Rafał Wójcikowski, poseł Kukiz’15, zginął w styczniu 2017 roku. Od jego śmierci minęły już więc dwa lata. Kilka dni temu wpis na jego wciąż istniejącym profilu w serwisie Facebook zamieściła małżonka nieżyjącego polityka.
Śmierć Rafała Wójcikowskiego wstrząsnęła środowiskiem politycznym w Polsce. Poseł Kukiz’15 zginął w wypadku samochodowym w styczniu 2017 roku. Całe zdarzenie budziło wiele kontrowersji i do dziś pojawiają się głosy osób, które nie wierzą w oficjalną wersję podaną do publicznej wiadomości.
Po nagłym odejściu polityka jego rodzina nie zdecydowała się usunąć profilu Wójcikowskiego w serwisie Facebook. Oznacza to, że jego fanpage cały czas jest dostępnym dla użytkowników internetu. Ostatnio wpis zamieściła na nim małżonka byłego posła Kukiz’15.
Poruszający wpis żony Rafała Wójcikowskiego
Wpis żony Rafała Wójcikowskiego nawiązywał do 18-stej rocznicy ich małżeństwa. „Dziś 18 sierpnia 2019 roku o godz. 18-ej minęła 18 rocznica naszego ślubu. Pamiętam, że był upał a potem spadł ciepły deszczyk.
Zdjęcia pokazują jakimi byliśmy szczęśliwymi rodzicami. Ale początki nie były łatwe” – napisała kobieta.
„Długo czekaliśmy na poczęcie. Lata starań, testów, badań, leczenia, wczesnych poronień, ciąża pozamaciczna, operacja. W końcu padły słowa – in vitro … Na to nie było naszej zgody. Zaczęliśmy myśleć o adopcji dziecka. Rafał szybko zaakceptował wolę Bożą. Mnie było trudniej. Przyszedł moment, że i ja prawdziwie zgodziłam się z wolą Bożą i powiedziałam jasno Jezusowi Miłosiernemu w Kościele w Łodzi, że się zgadzam na adopcję…
I wtedy, w ciągu miesiąca, zostawiwszy leczenie, zaszłam w ciążę z naszą najstarszą córeczką – Asią. Co to było za szczęście! Po kolejnych czterech latach starań, ciąży pozamacicznej, urodziło się nasze kolejne szczęście -Tosia. Staraliśmy się nadal. Mieliśmy już wymyślone imiona dla kolejnych dzieci. Ale już nie było nam dane” – dodała.
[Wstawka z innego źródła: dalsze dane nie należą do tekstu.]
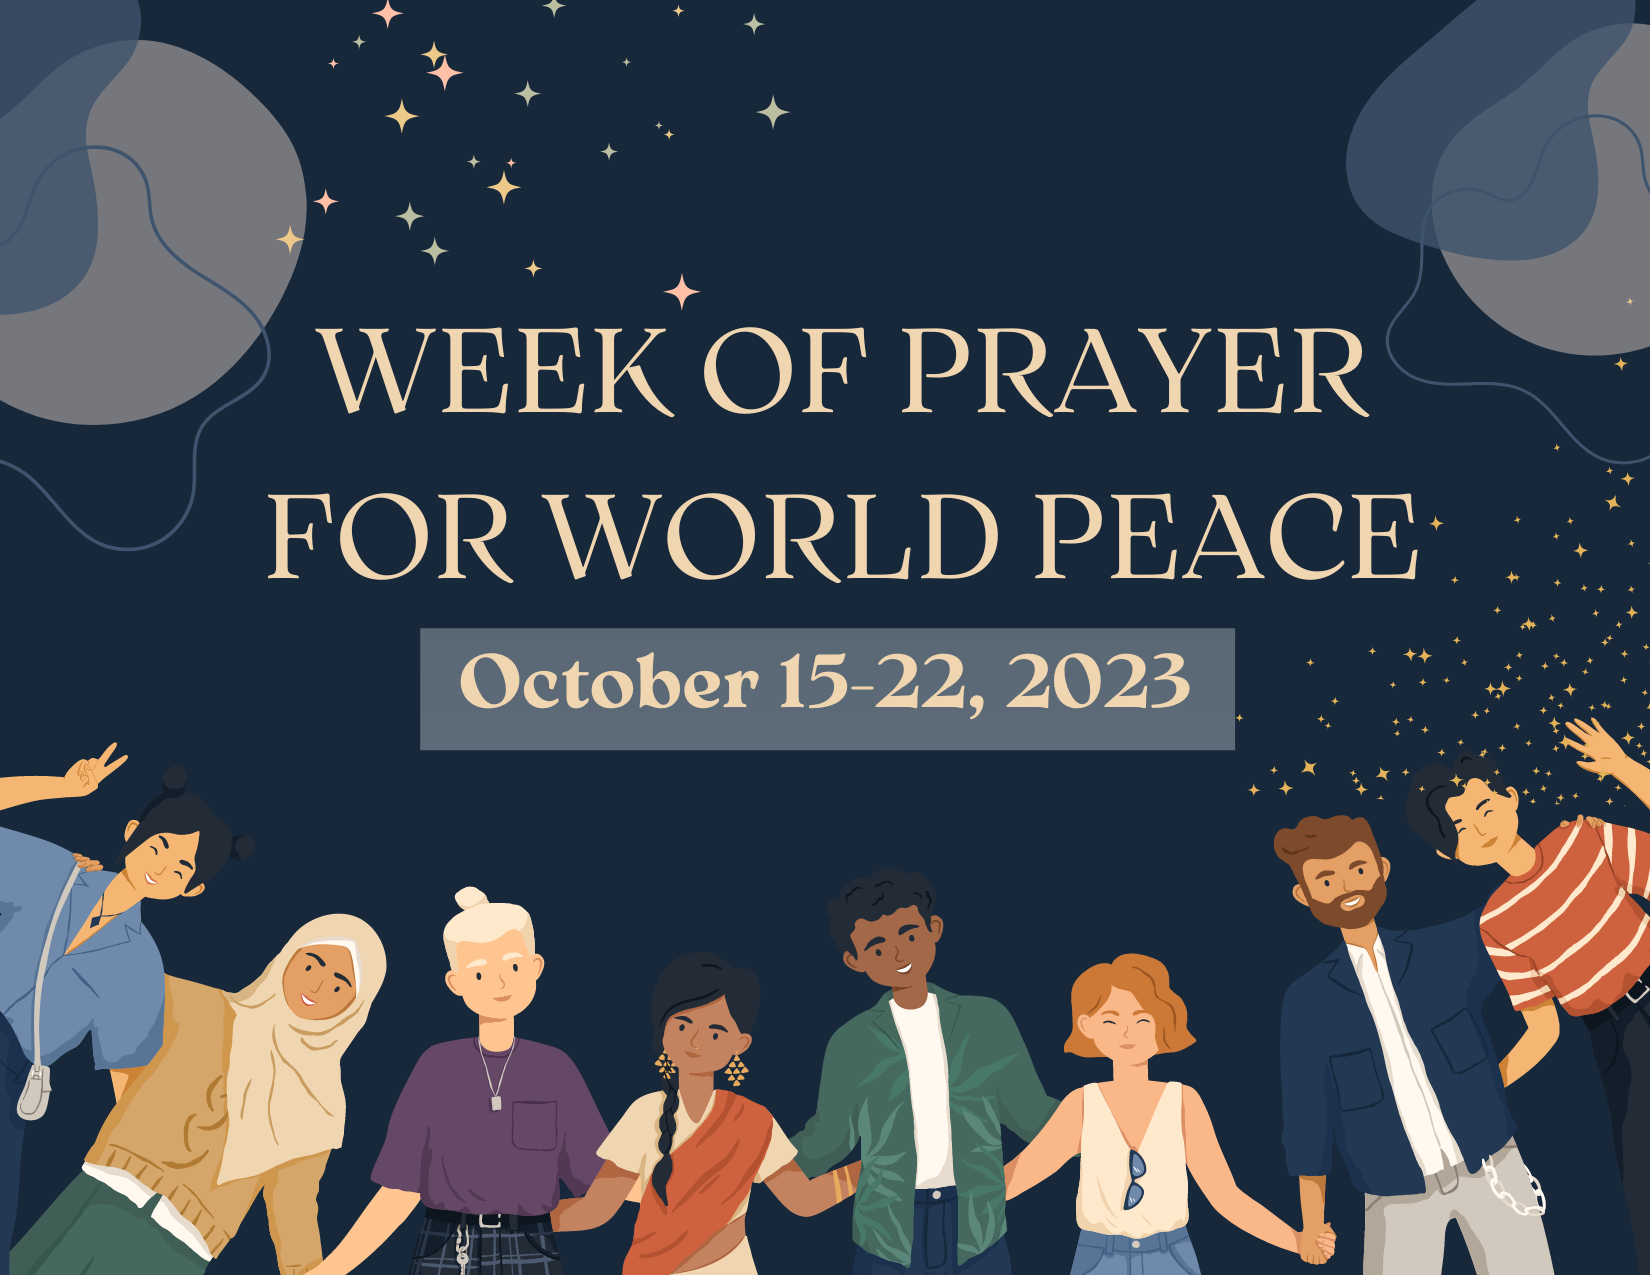 Week of Prayer for World Peace. october 15-22, 2023. People of different faith traditions holding hands.

„Rafał był bardzo szczęśliwy z naszego domu, z rodziny, z dzieci. Uwielbiał wracać do domu. Jako poseł tylko raz nie wrócił. Podczas blokady Sejmu, kilka tygodni przed Jego śmiercią… Dom był zawsze dla Niego azylem” – kończy się wpis żony Rafała Wójcikowskiego.